全球有众多新冠病毒疾病 2019(COVID-19)患者死亡。虽然年龄是已知的风险因素,但在年轻人群中的风险分析仍存在不足。本研究旨在评估韩国年轻(≤ 50 岁)和老年(> 50 岁)重症 COVID-19 患者的临床特征和死亡风险因素。

方法

我们分析了 2021 年 7 月 1 日至 2021 年 11 月 30 日在韩国 11 家医院因 PCR 确诊的 COVID-19 而住院的成年重症患者(需要高流量鼻导管吸氧或更高呼吸支持)的数据。回顾患者的电子病历以确定临床特征。

结果

在研究期间,共纳入 448 名患者。其中 142 名年龄在 50 岁或以下(年轻组),306 名年龄在 50 岁以上(老年组)。年轻组最常见的既往疾病是糖尿病和高血压,69.7%的患者体重指数(BMI)> 25kg/m²。142 名年轻患者中,31 名(21.8%,19 名女性)没有这些既往疾病。严重病例的总体病死率为 21.0%,且因年龄而异:年轻组为 5.6%(n=8/142),老年组为 28.1%,≥ 65 岁组为 38%。年龄(比值比 [OR],7.902;95%置信区间 [CI],2.754-18.181)、机械通气治疗(OR,17.233;95%CI,8.439-35.192)、最高肌酐> 1.5mg/dL(OR,17.631;95%CI,8.321-37.357)和合并血流感染(OR,7.092;95%CI,1.061-18.181)是所有患者死亡的独立预测因素。在年龄特异性分析中也观察到类似的模式,但由于年轻组死亡人数较少,大多数结果在多变量分析中无统计学意义。
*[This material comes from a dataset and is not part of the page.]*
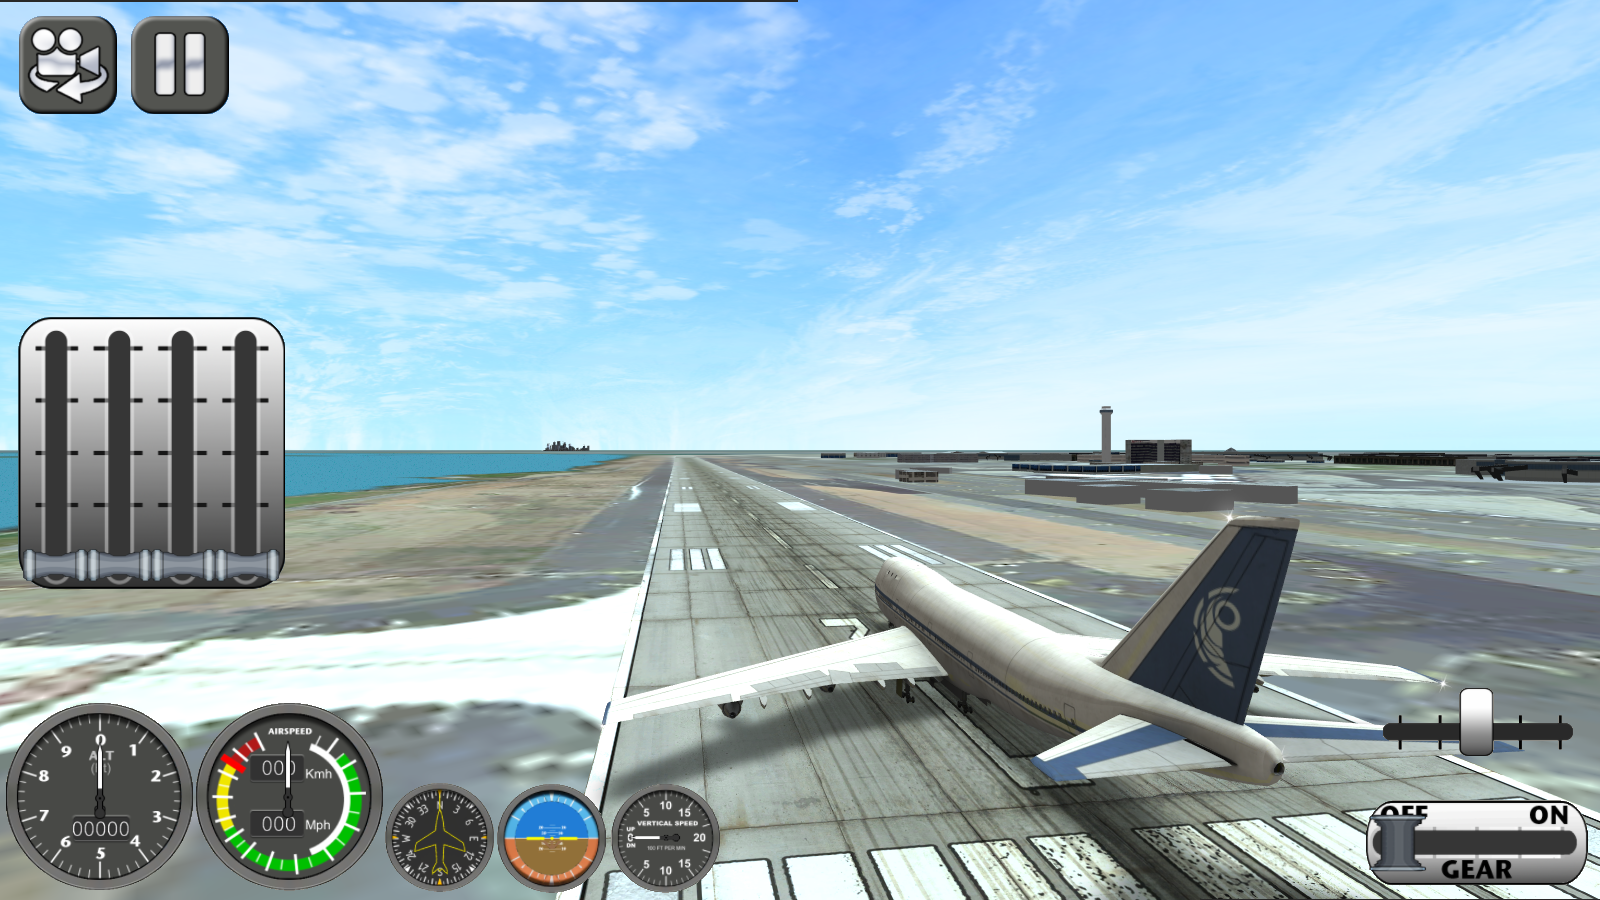 Игры симуляторы с модом. Игра Боинг симулятор. Летать на самолете игра. Реалистичная игра про самолеты. Симулятор полёта на самолёте.
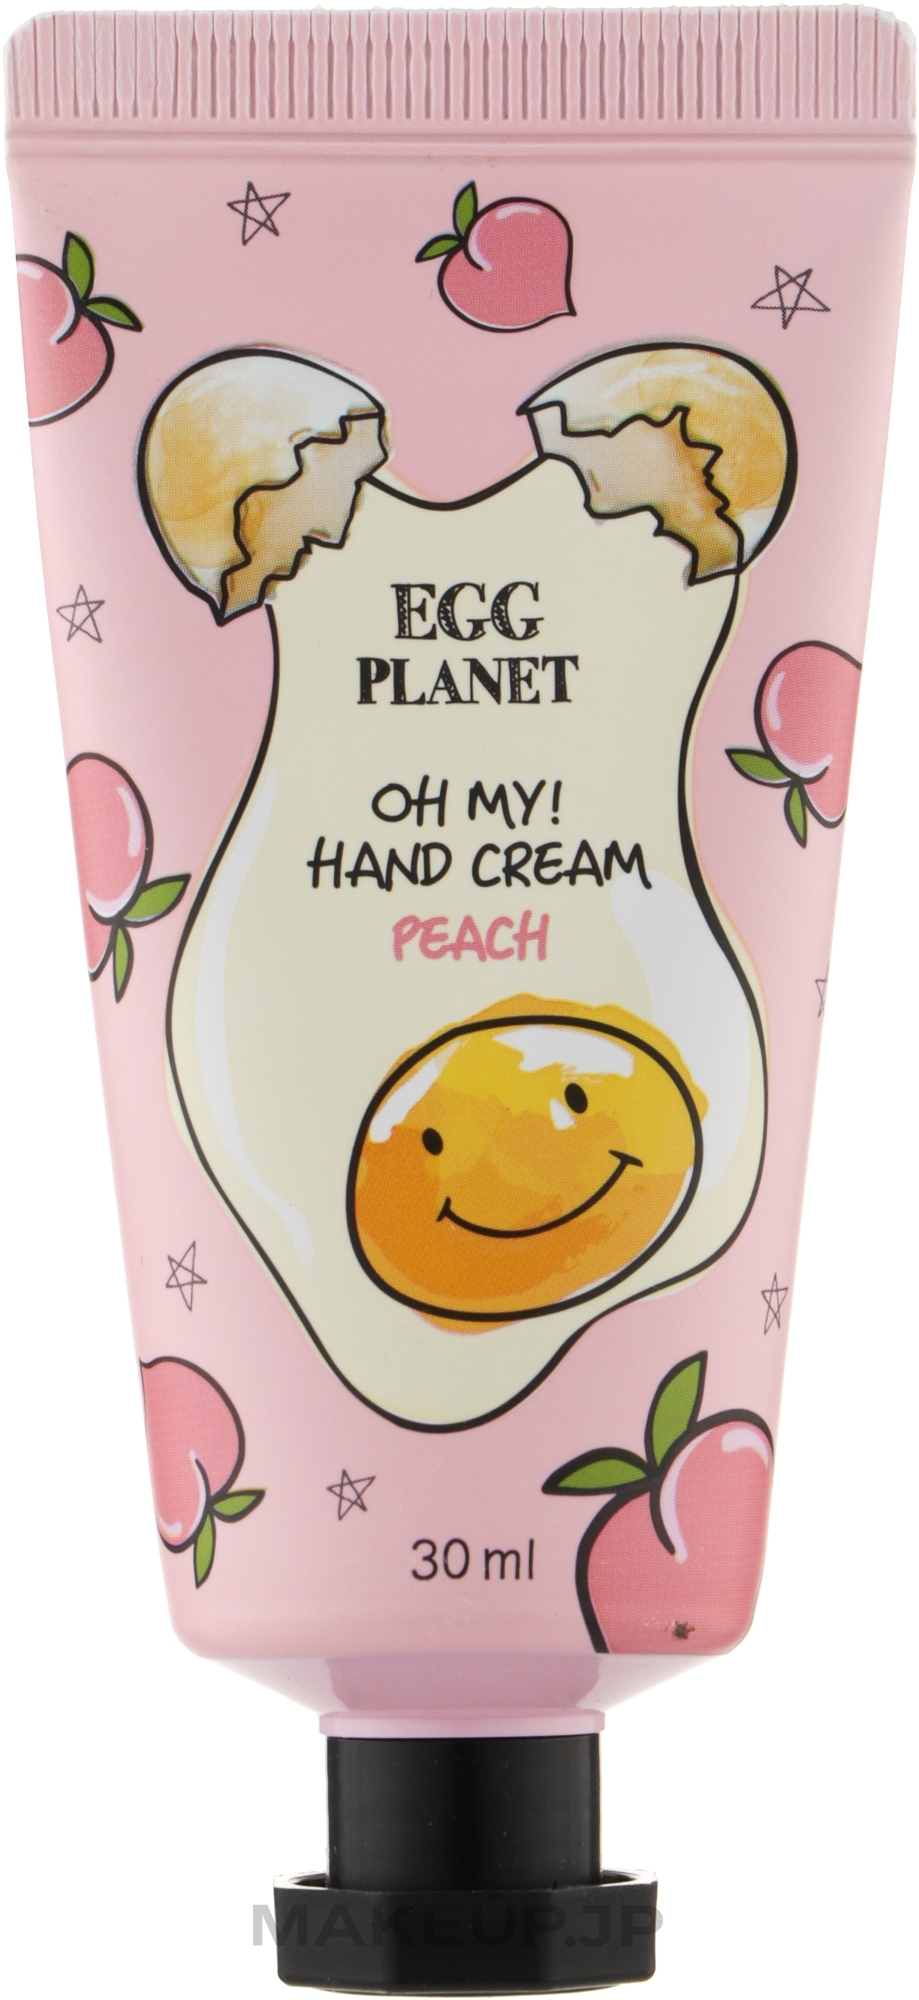 Peach Hand Cream - Daeng Gi Meo Ri Egg Planet Peach Hand Cream — photo 30 ml

研究人群的完全疫苗接种率非常低(13.6%),只有 3 名患者完全接种了疫苗,且年轻组中没有一名死亡患者完全接种了疫苗。8 名死亡患者中有 7 名有既往疾病或肥胖(BMI> 25kg/m²),另一名死亡患者死于继发感染。

结论

年轻重症组约 22%的患者没有既往疾病或肥胖,但肥胖(BMI> 25kg/m²)的发生率较高,病死率为 5.6%。与同年龄组的一般人群相比,完全疫苗接种率极低,表明未接种疫苗对 COVID-19 发展为重症有严重影响。本研究结果强调需要采取措施预防 COVID-19 重症进展,如接种疫苗,并特别针对有风险因素的年轻成年人。